I quarantined myself to my home and currently self-studying from Casella-Berger's Statistical Inference.
In Section 2.2, Example 2.2.6 (Minimizing distance), they want to show that Expectation can be used as a good guess for a value of X, a random variable. So let b a constant.
$(X-b)^2$ measures the distance between b and X. The closer they are the smaller the number. $E(X-b)^2$ gives a good estimation for that distance.
Then they want to minimize this value without using calculus. The proof follows as:
$E(X-b)^2 = E(X-EX+EX-b)^2=E((X-EX)+(EX-b))^2=$ $E(X-EX)^2+(EX-b)^2+2E((X-EX)(EX-b))$
Then we get $E(X-b)^2 = E(X-EX)^2+(EX-b)^2$ . However then they say that we don't have any control over the first term on the second right-hand side. For the second term on the second right-hand side, it is always greater than or equal to 0 and can be made equal to 0 by choosing $b=EX$. Then we get: $min_bE(X-b)^2=E(X-EX)^2$
Okay, what I don't understand is, if we choose $b=EX$, then shouldn't the b on the left hand side should change too? Or are we just saying that since the minimum value of $(EX-b)^2$ is $0$, we just take it take since we are trying to minimize the distance.
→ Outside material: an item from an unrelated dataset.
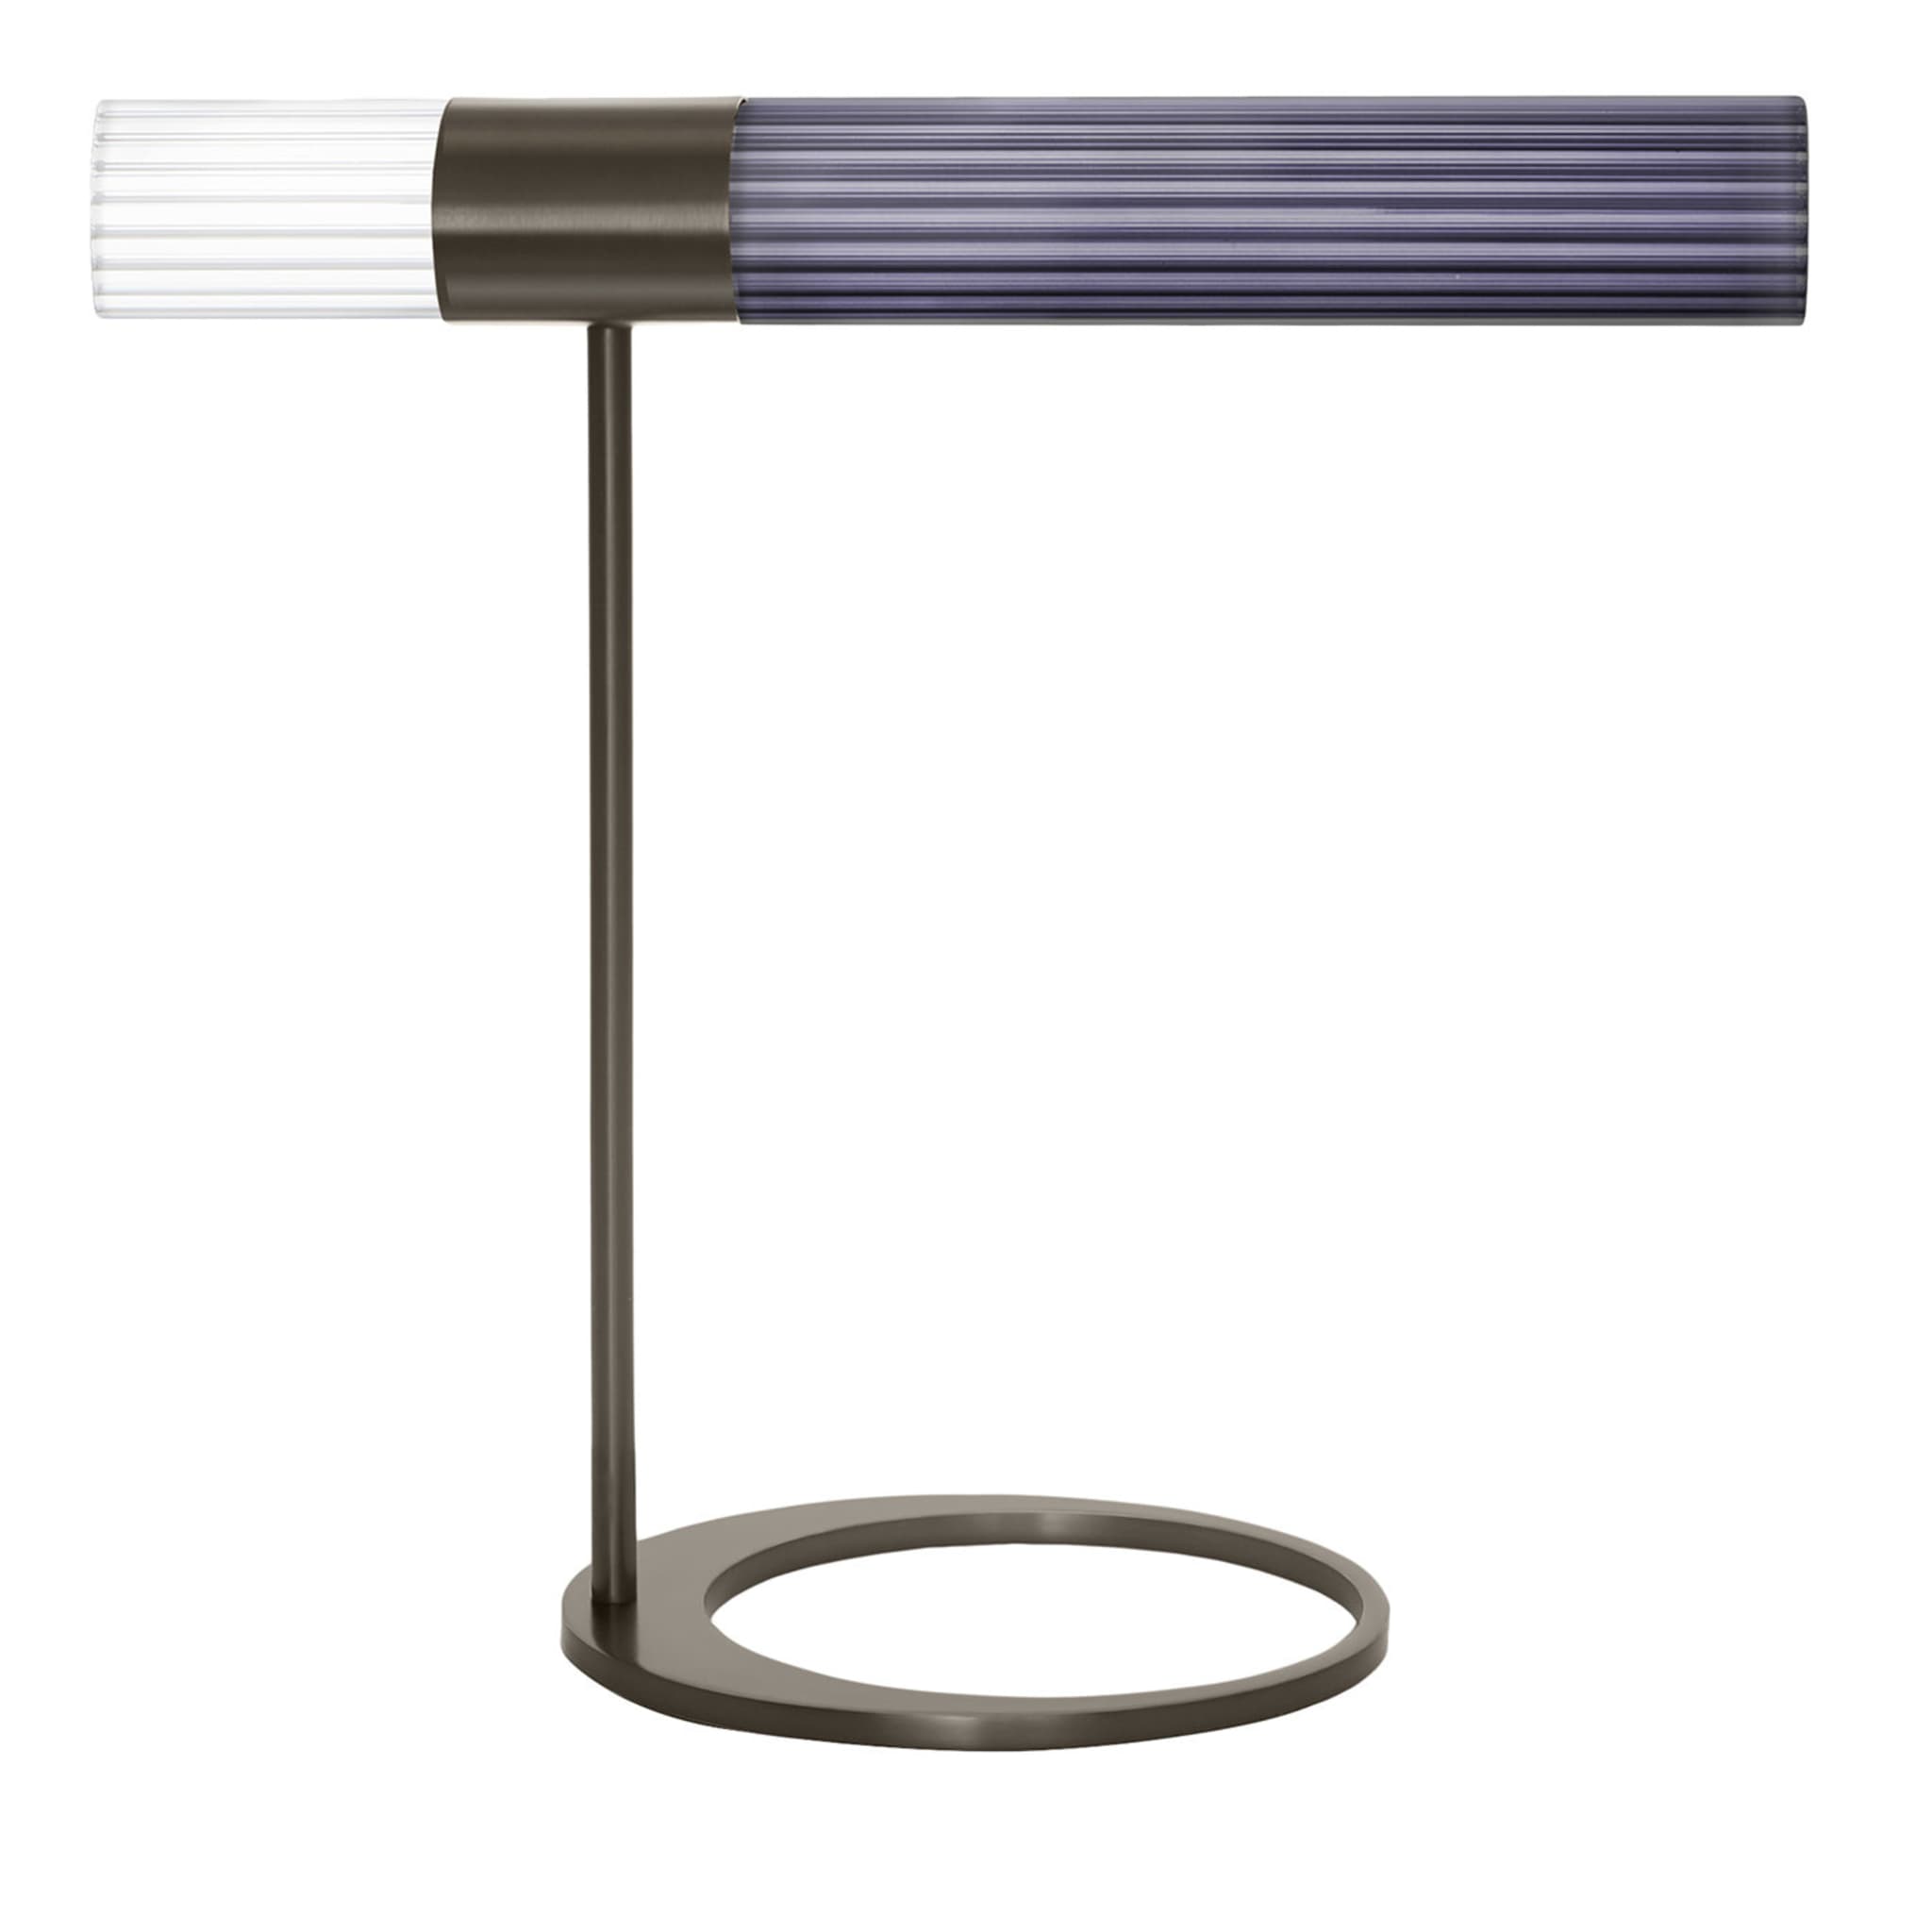 Sbarlusc Brass and Blue Glass Table Lamp - Main view

You are of course right; $b$ varies in the same manner on both sides of the equation. That’s precisely what we want: we want to minimize $E(X-b)^2$, so we investigate how this value varies, and find that it varies as $E(X-EX)^2+(EX-b)^2$ and is thus minimal for $b=EX$ (at which point it takes the minimal value $E(X-EX)^2)$.